Configuring the Hive connector for partitioned write

You can configure a Hive Connector stage to connect to a Hive data source and write data to a partitioned table.

When a Hive connector stage is configured to perform partitioned write, each of the processing nodes of the stage reads a portion of data from the data source and the records are inserted to the partitioned table based on the partition key values.
  1. On the job design canvas, double-click Hive Connector stage, and then click the Stage tab.
  2. On the Advanced page, set Execution mode to Parallel, or Default(Parallel), and then click the Input tab.
  3. Define the INSERT statement that the connector uses at run time:
    • Set Generate SQL at runtime to No, and then specify the INSERT statement in the Insert statement property, or set the Read select statement from file to Yes, specify the name of the file in Select statement property and include the SELECT statement in that file.
    • Set Generate SQL at runtime to Yes and then specify the name of the target table in the Table name field.

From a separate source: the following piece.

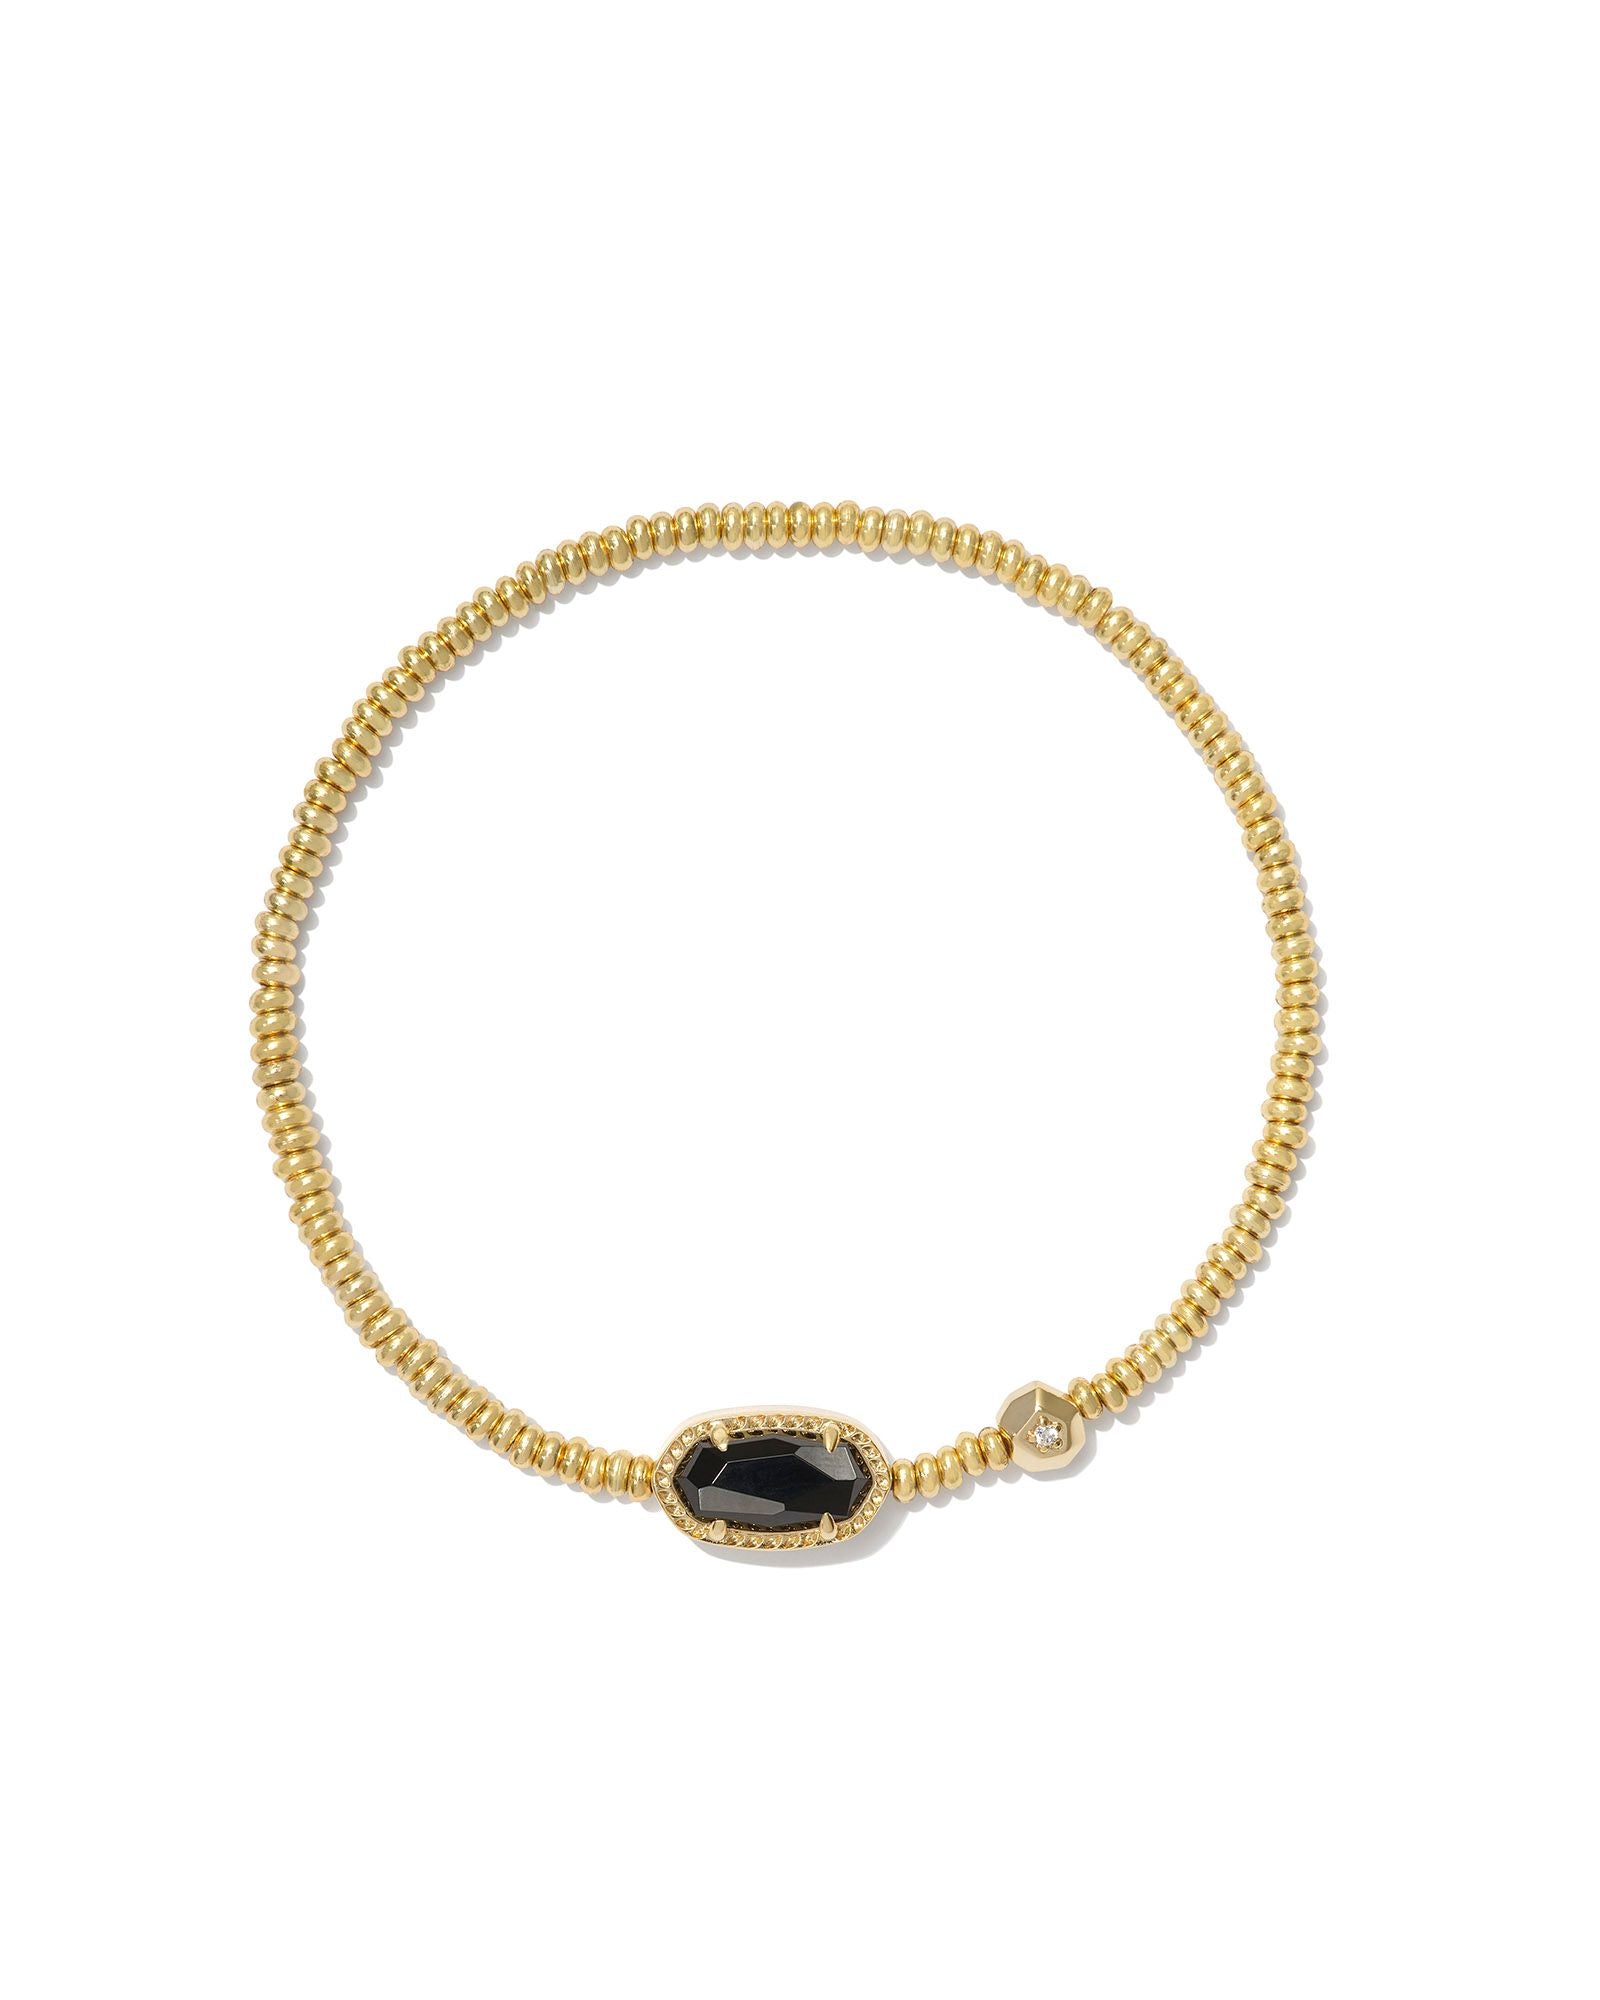 Grayson Gold Stretch Bracelet Black Agate

  4. Set Enable partitioned write to Yes. The following INSERT statement is an example of the INSERT statement when Generate SQL at runtime to Yes. INSERT into MY_TABLE PARTITION(Field001 = ORCHESTRATE.Field001) VALUES (ORCHESTRATE.Field002, ORCHESTRATE.Field003). The column names that follow the word ORCHESTRATE must have the matching key columns on the input link.
  5. Click OK, and then save the job.